Notes about the Building Microservices
These are notes for my future self about Sam Newman's book, Building Microservices 2nd edition.
Microservices are an approach to distributed applications that use finely-grained services and change, deploy and release them independently. Microservices have become the default go-to architecture when designing system, which Newman finds hard to justify #surprised and want to share his view on why.
Chapter 1 - What are Microservices?
Chapter 2 - How to model Microservices
Chapter 3 - Splitting the Monolith
Chapter 4 - Microservices Communication Styles
- Synchronous blocking, when a microservice call another service and waits for a response. This is request-response kind of communication typically implemented by REST of HTTP or RPC. Advantage here is that this is simple and familiar. Disadvantage is the temporal coupling - the downstream service has to be online. This pattern starts to be problematic in longer chains of downstream calls. This also causes resource contention - the threads from the thread pool are usually locked while waiting. We can try making some of the calls in the chain asynchronous, therefore removing them from the critical path.
- Asynchronous nonblocking means that the service continues in operation agnostic to whether the downstream call was received or not. Even the request-response communication style can be implemented using this pattern but then the response could return to one of the other nodes of the microservice. The advantage is that the services are decoupled temporarily. The disadvantage is level of complexity and the range of choice. The obvious use-cases are long chains of calls or long running processes.
- Request-response styles is when the upstream service is expecting some response from the downstream service. Asynchronous nonblocking request-response communication is typically implemented by queue-based brokers. These sorts of communication always require some sort of timeout handing. They work well in situations where some additional processing is needed based on the response or when some mitigation action, like retry, is required.

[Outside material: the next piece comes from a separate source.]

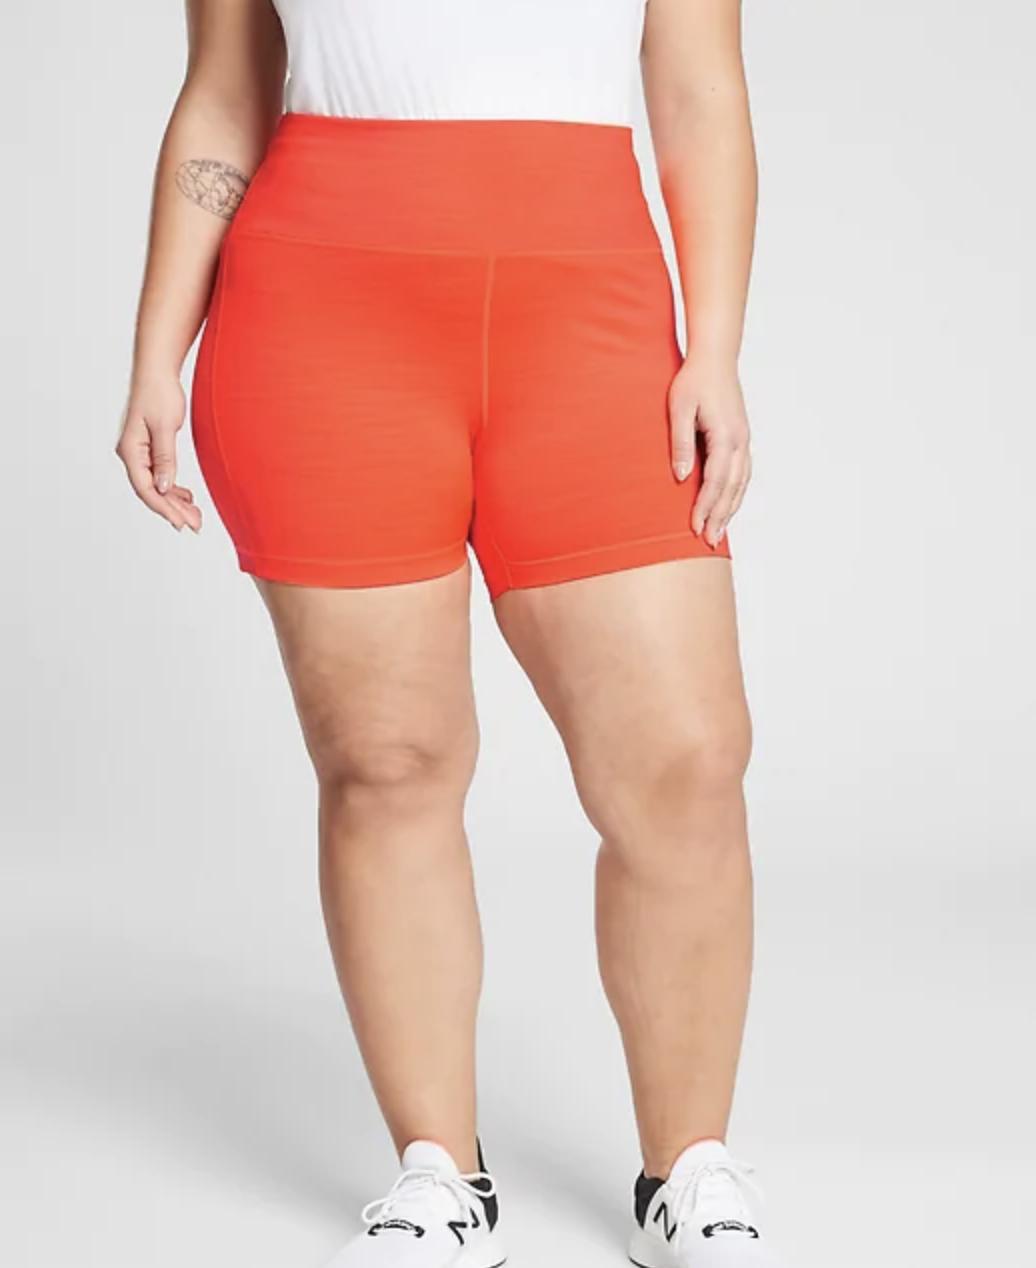 A model in orange high waist bike shorts that fall mid-thigh

- Event-driven style works by emitting events from services which subscribed services receive and act upon. This is usually implemented by topic-based brokers or REST over HTTP (Atom). This is kind of inversion of responsibility for handling the event. RabbitMQ is a popular implementation choice for this communication pattern. We should keep our pipes dumb and endpoints smart. Events should contain all the data needed to perform the downstream action. This communication style is useful whenever the information wants to be broadcast and we are happy with inverting the intent. Newman gravitates to this style almost as a default. Just beware of the increased complexity this style adds.
- Common data is when services communicate via some shared data, e.g. database or filesystem. There is usually some polling involved. Two common examples are the data lake and data warehouse. The advantage is this is quite simple to implement, the data size is not so much of a concern and the technologies of the services could be very different. Disadvantage is the need for polling mechanism, which means this is not useful in low-latency situations. Also the common data introduces more coupling.
Part II - Implementation
Chapter 5 - Implementing Microservice Communication
- RPC, like SOAP and gRPC. Their main selling point is the ease of generating client code. Disadvantage is technology coupling, as they typically rely on a specific platform. Just beware that remote calls are not like local calls. Some of the RPC protocols can be quite brittle. Newman quite likes qRPC in situations where he is in control of both client and server.

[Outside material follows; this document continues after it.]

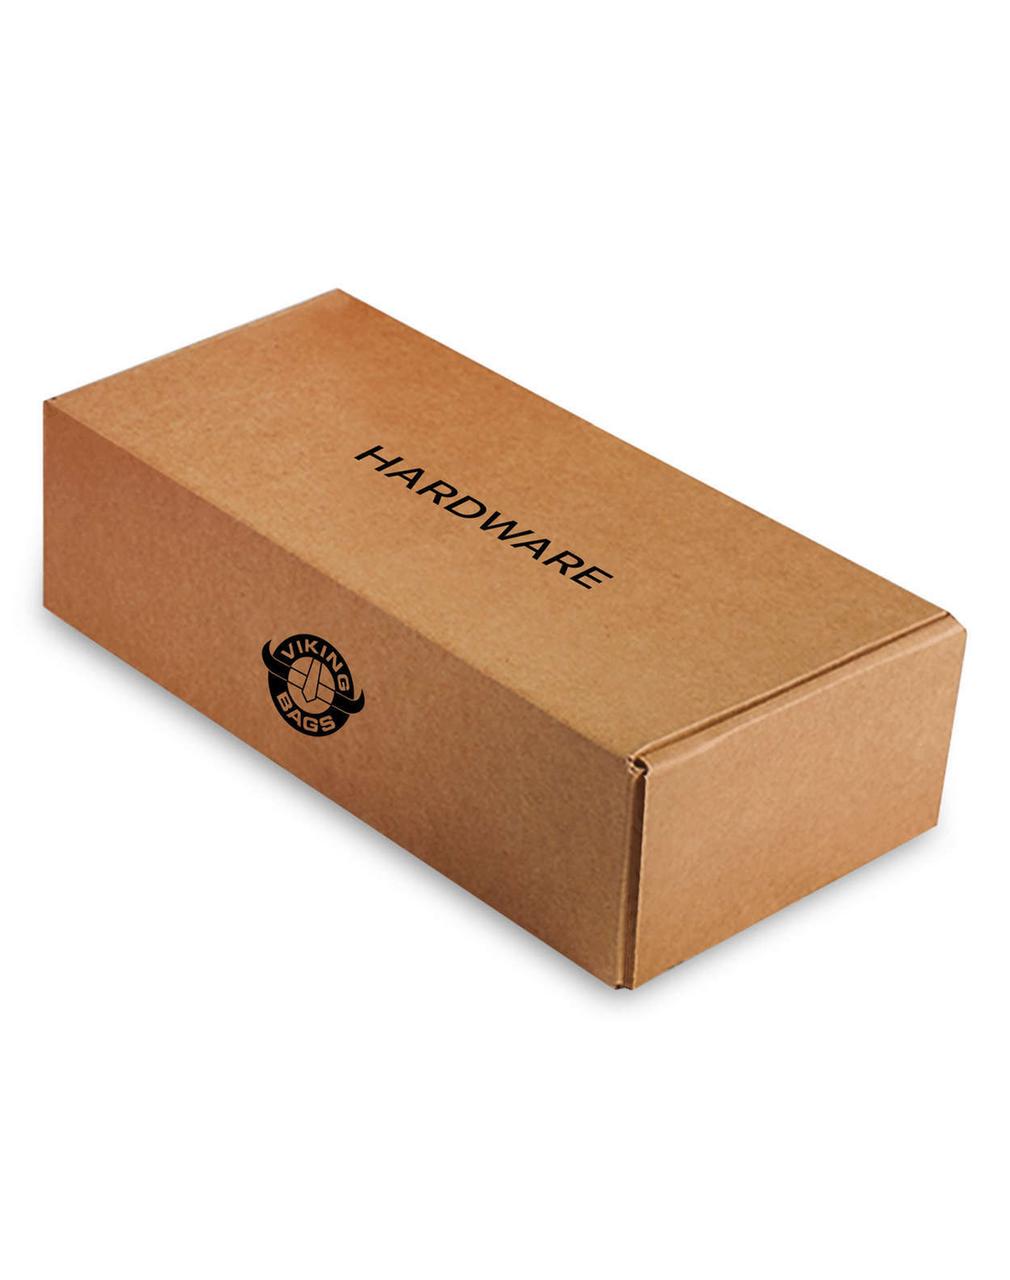 Honda 750 Shadow Phantom Charger Side Pocket With Shock Cutout Motorcycle Saddlebags box

- REST over HTTP is the obvious choice for synchronous request-response communication. The main challenges here are the lack of good documentation tools - although swagger tries to fix this issue and the big payloads can have a performance hit.
- GraphQL for querying the backend which does not have to be released so often. The clients are typically GUIs with mobile as obvious choice. However this can have big performance impact on the backend if the queries are not made with caution. Another issue is that while GraphQL handles reads quite well, it is not designed for writes. Also using GraphQL should not allow us to slip into thinking that microservices are just thin layers above our database.
- Message brokers for asynchronous communication via queues and topics. These are typically middleware boxes which sit between the microservices providing queues, topics, or both. Topics are good for event-based collaboration while queues are good for request-response communication. One of the selling points is the guarantee of delivery. Yet another might be guarantee of order of messages. Some brokers provide transactions on write. One other controversial marketed advantage might be just-once delivery, but this is quite hard to achieve, so we should always ask how this is done. Popular choices are RabbitMQ, ActiveMQ and Kafka.
- Kafka helps move large amounts of data by its streaming capabilities. It has message permanence and built-in support for stream processing.
Handling Change Between Microservices
- Expansion changes is when we add new things to APIs and don't remove old things.
- Tolerant reader is when consumers are quite flexible in what they take.
- Right technology means we should choose technology which can handle backwards compatibility better.
- Explicit interface means we should have a schema.
- Catch accidental breaking changes early. There are tools like Protolock, json-schema-diff-validator, Confluent Schema Registry and similar.
- Lockstep deployment of the changes service and all the client services together. This obviously breaks the independent deployment advantage of microservices, so it should be use scarcely. If we use it too often, we might have a distributed monolith problem.
- Coexist multiple microservice versions, which means running the whole two boxes in parallel. This means that every bugfix would have to be done in two places.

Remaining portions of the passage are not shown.